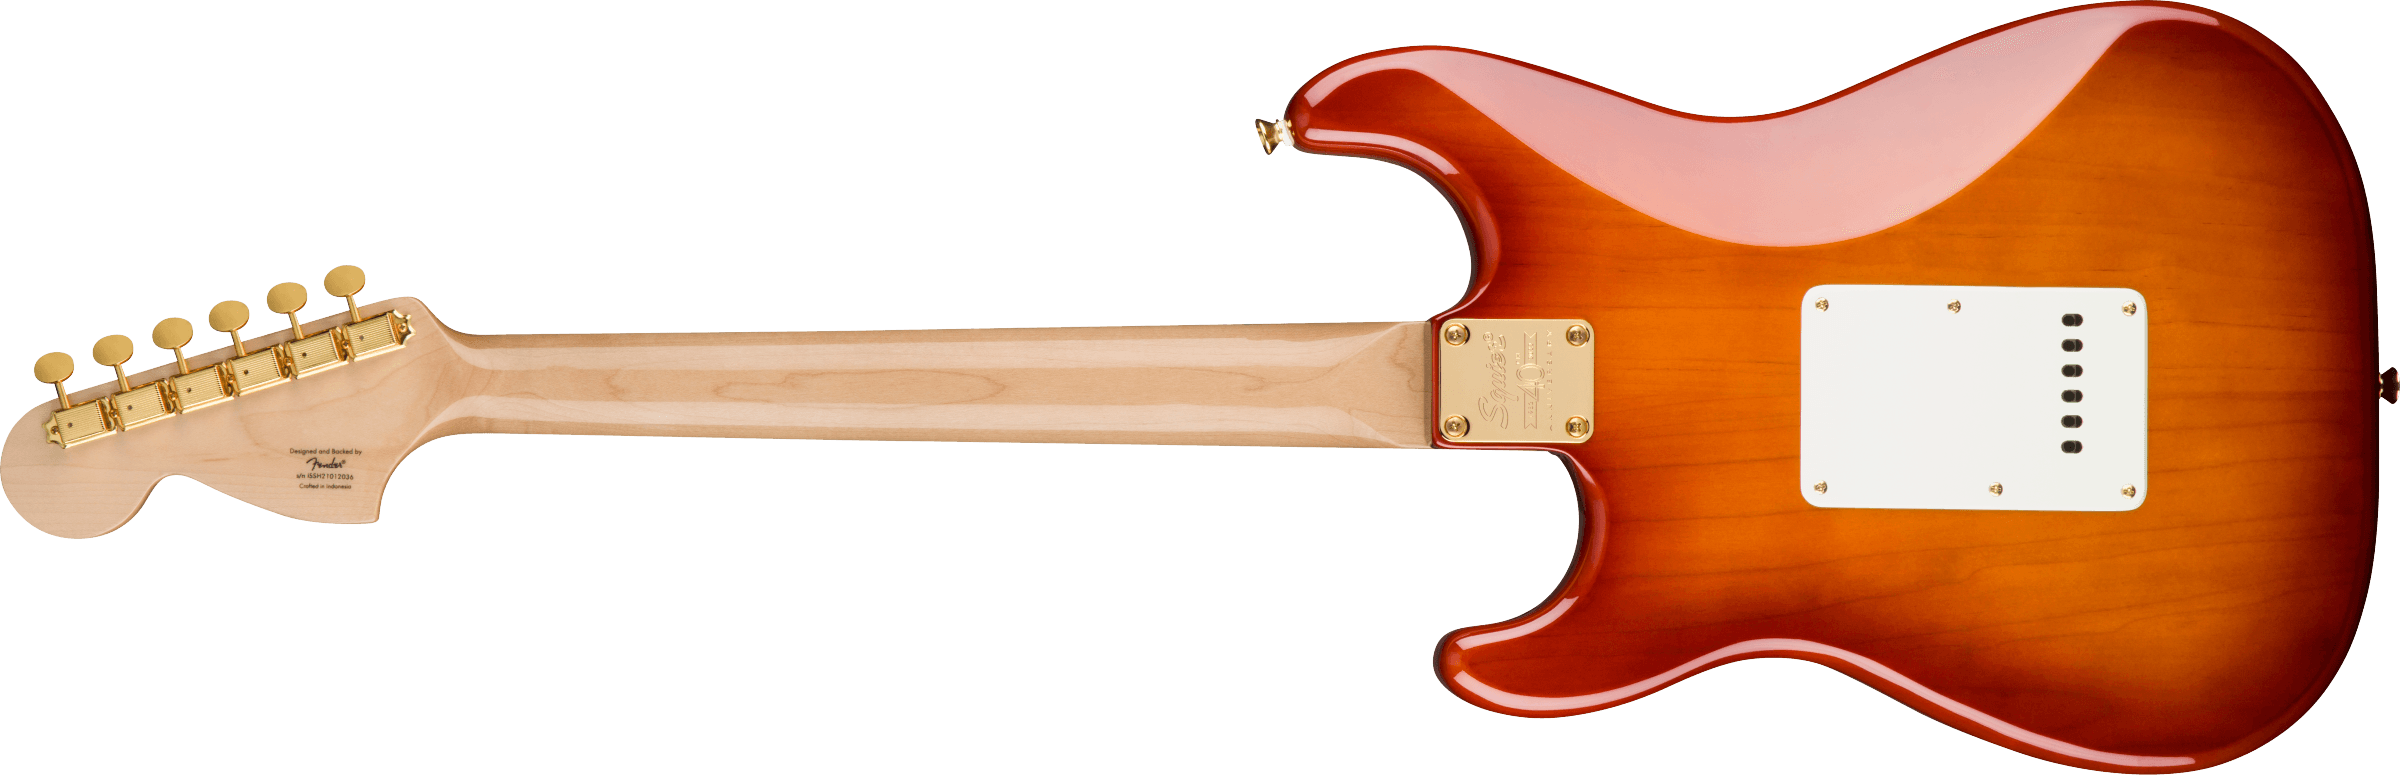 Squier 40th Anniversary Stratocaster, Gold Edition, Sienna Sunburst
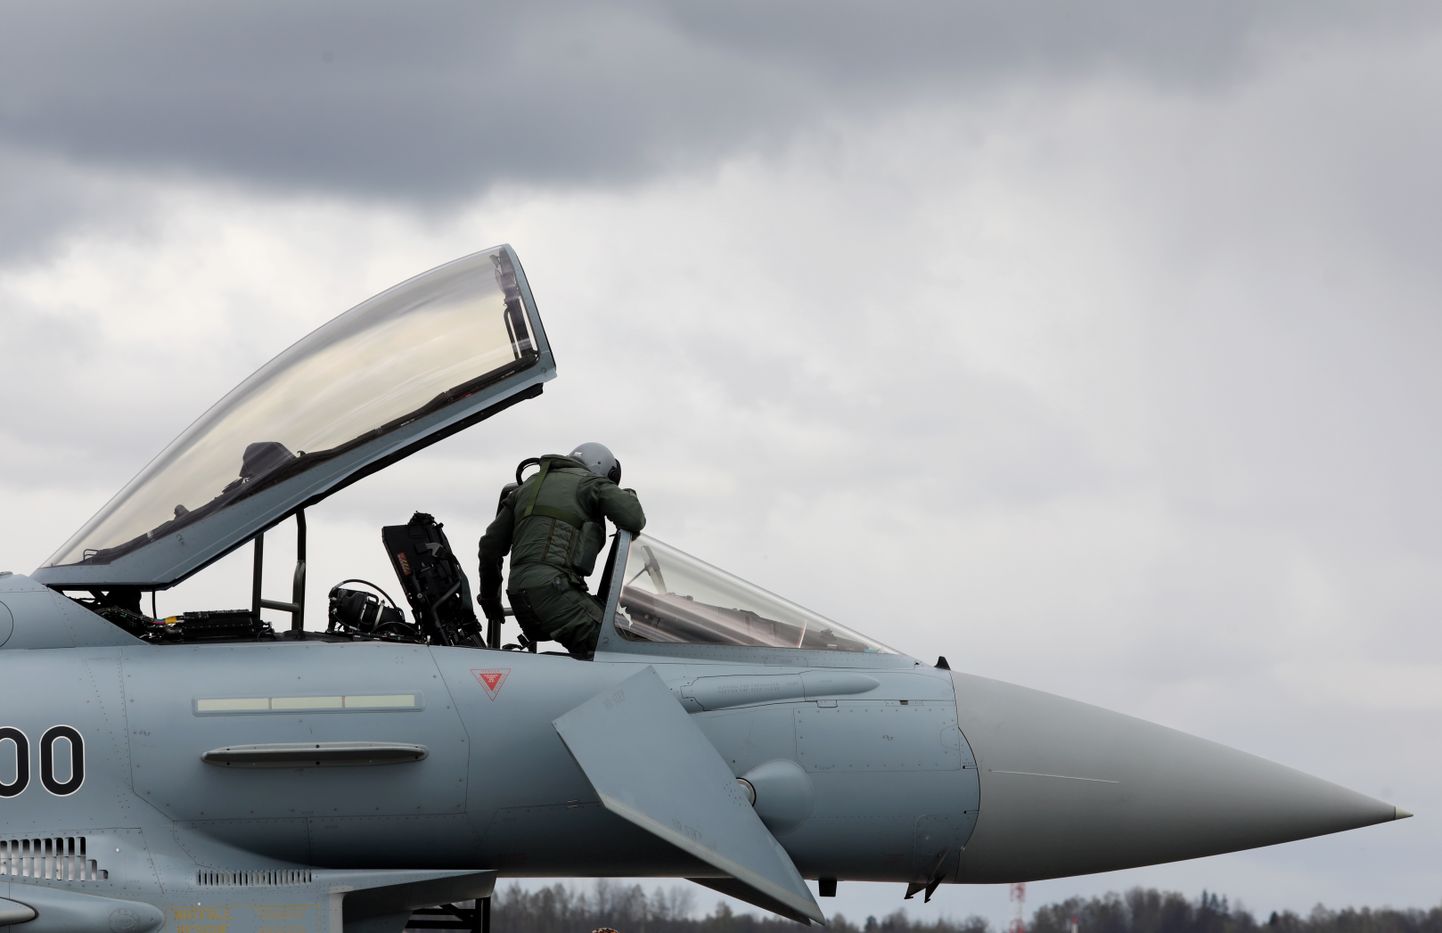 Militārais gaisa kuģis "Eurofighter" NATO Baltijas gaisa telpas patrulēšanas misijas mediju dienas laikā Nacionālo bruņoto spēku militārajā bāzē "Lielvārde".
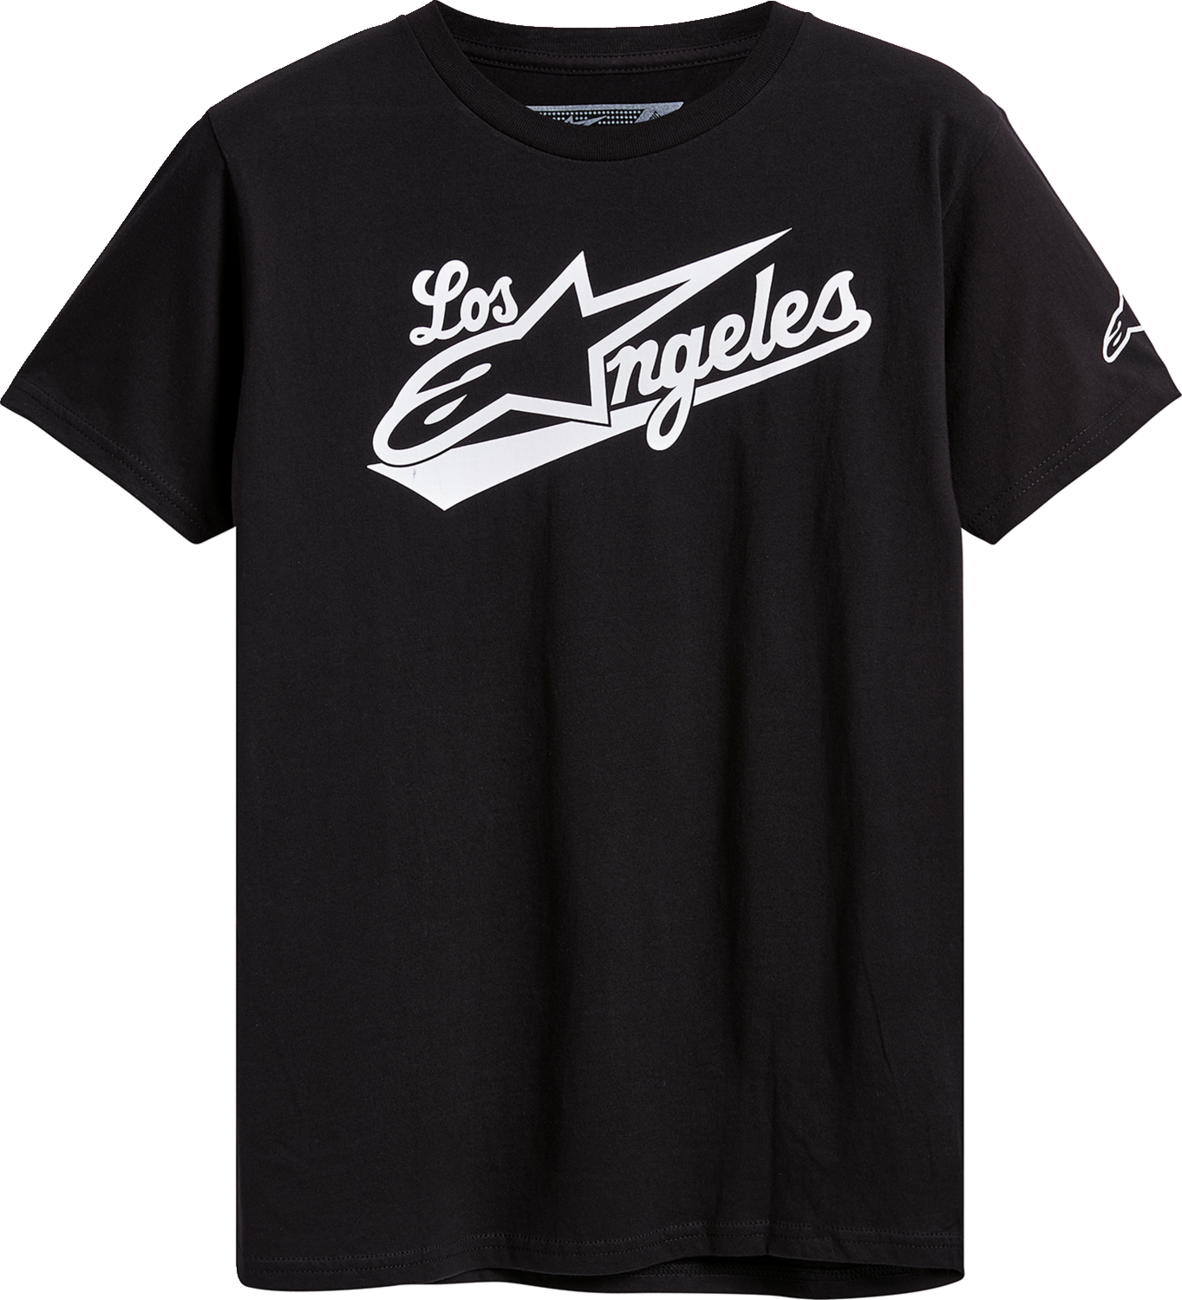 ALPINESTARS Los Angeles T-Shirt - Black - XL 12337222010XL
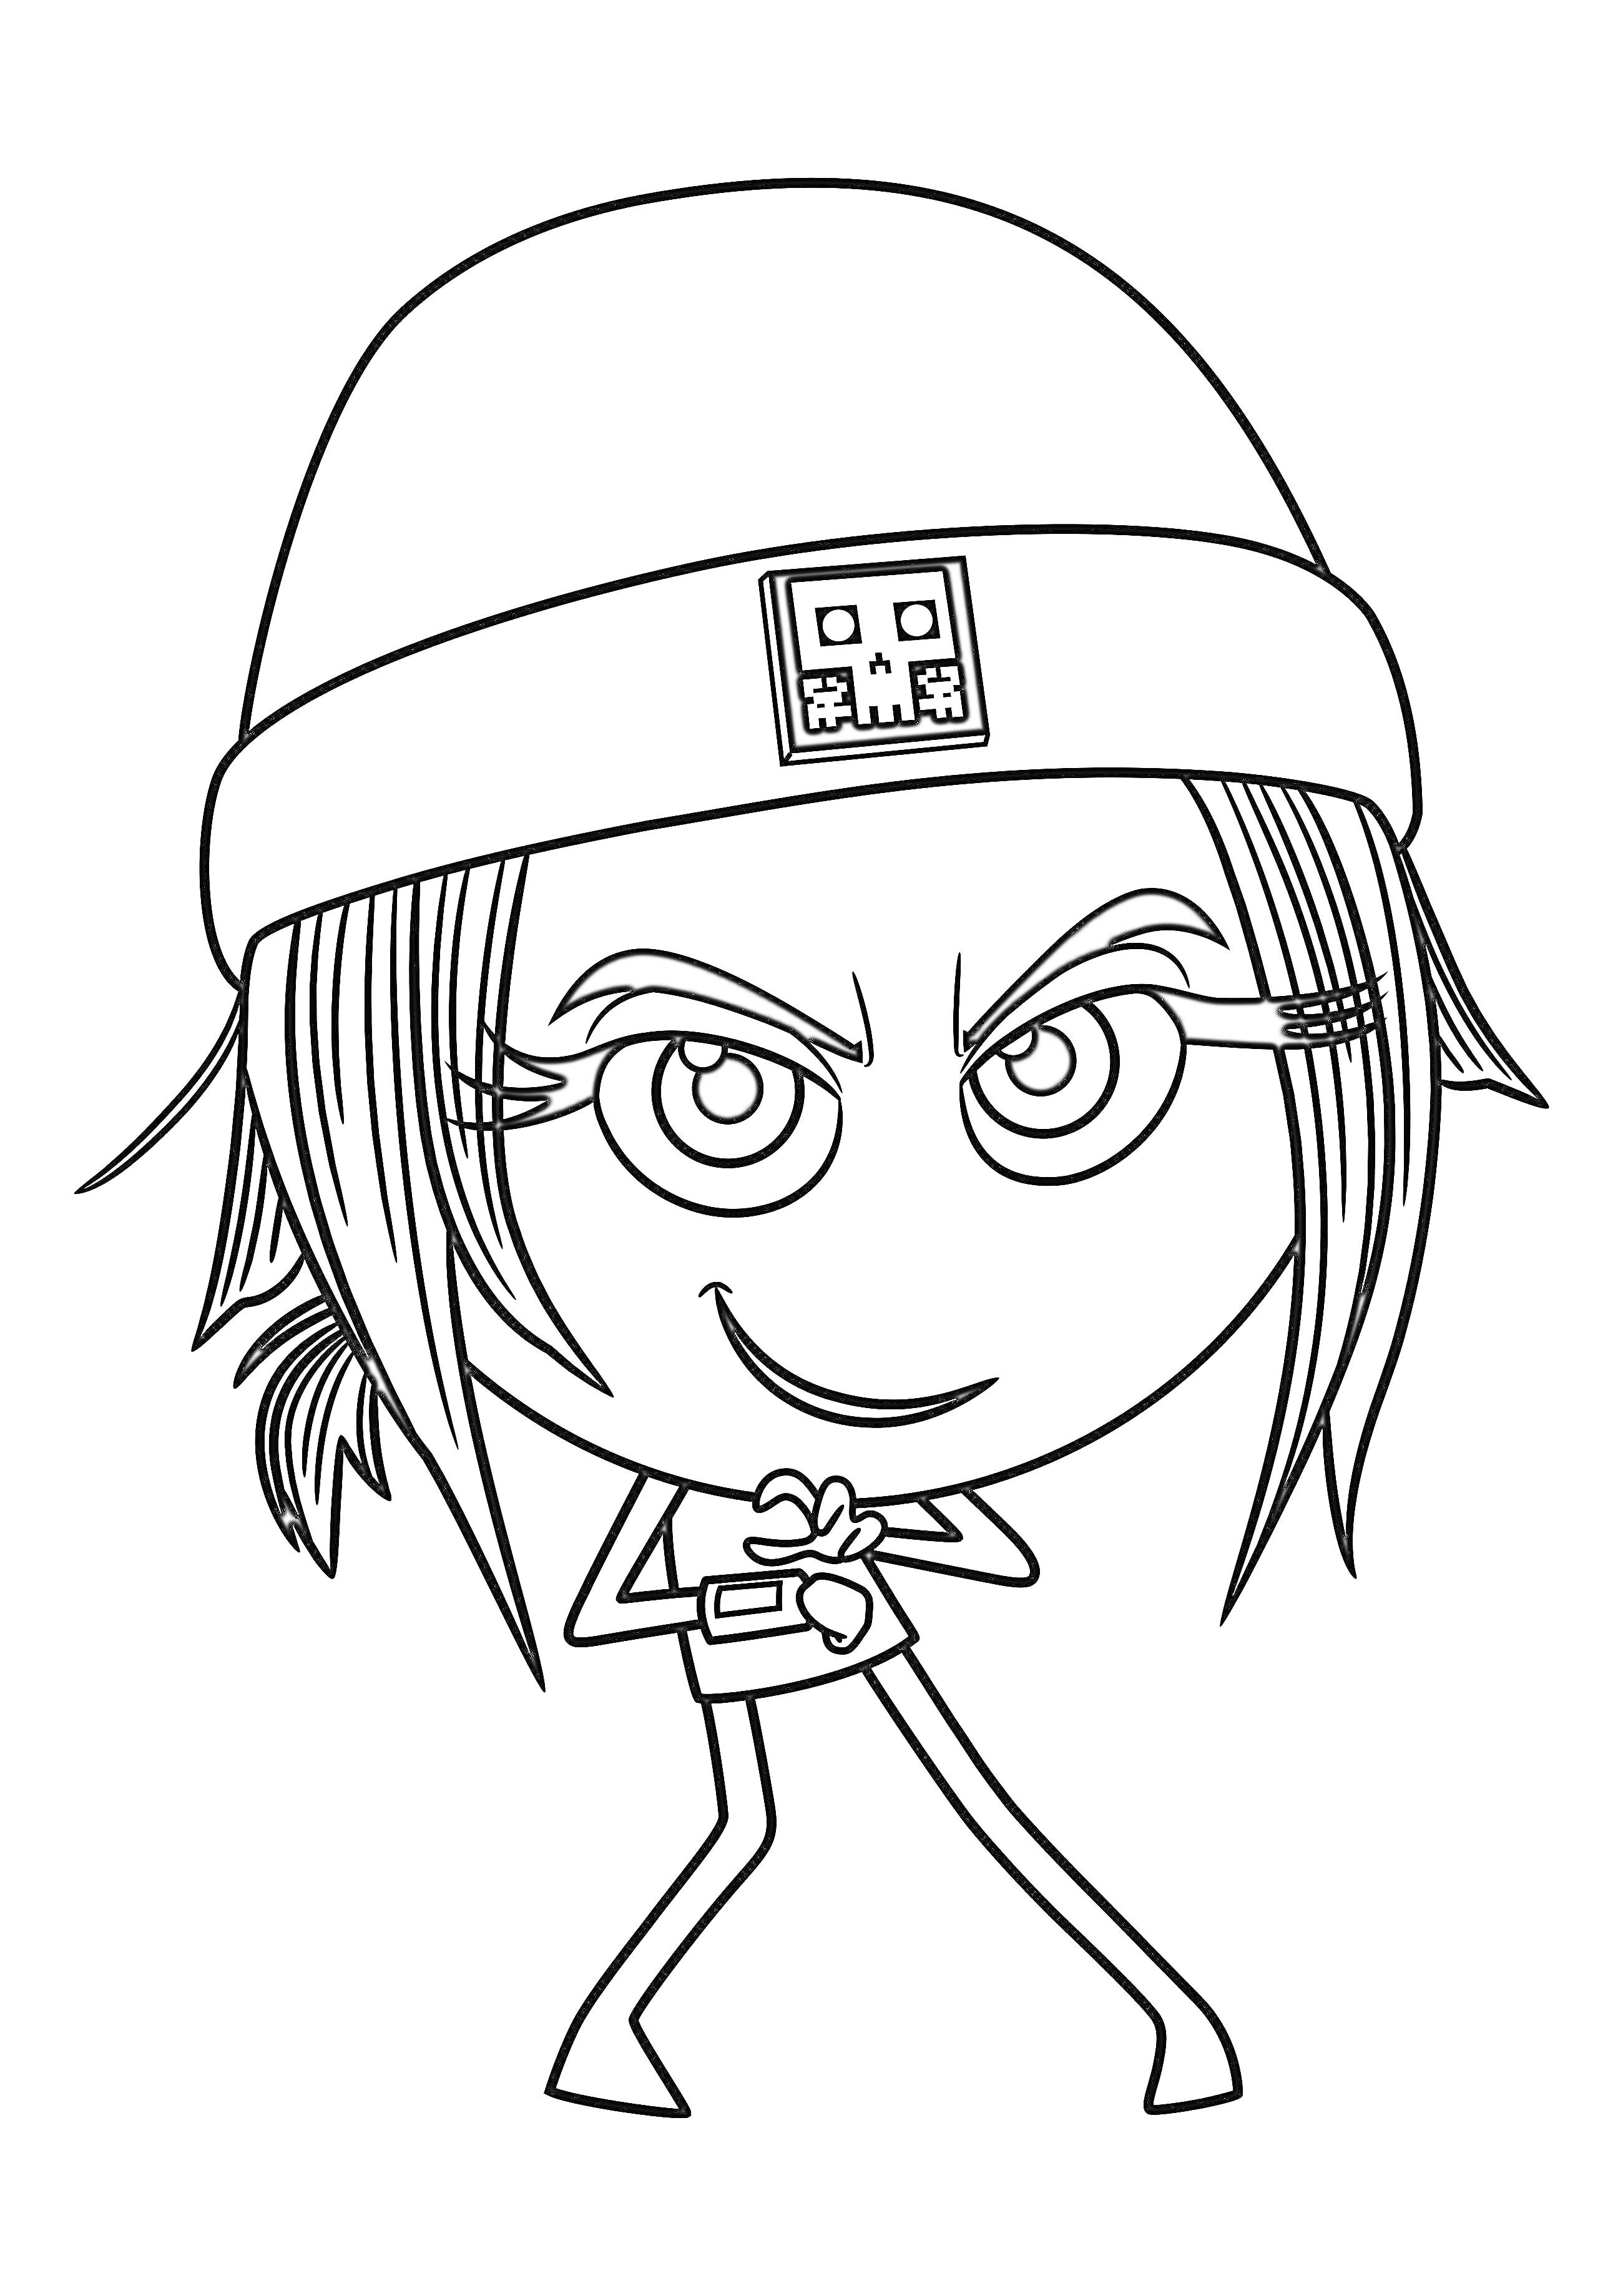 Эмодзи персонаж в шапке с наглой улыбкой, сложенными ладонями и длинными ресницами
########################################
Word for word, return the material above, but drop the pictures.

» **Output of the exercise**
 Squier 40th Anniversary Stratocaster, Gold Edition, Sienna Sunburst
 Militārais gaisa kuģis "Eurofighter" NATO Baltijas gaisa telpas patrulēšanas misijas mediju dienas laikā Nacionālo bruņoto spēku militārajā bāzē "Lielvārde".
 ALPINESTARS Los Angeles T-Shirt - Black - XL 12337222010XL
 Эмодзи персонаж в шапке с наглой улыбкой, сложенными ладонями и длинными ресницами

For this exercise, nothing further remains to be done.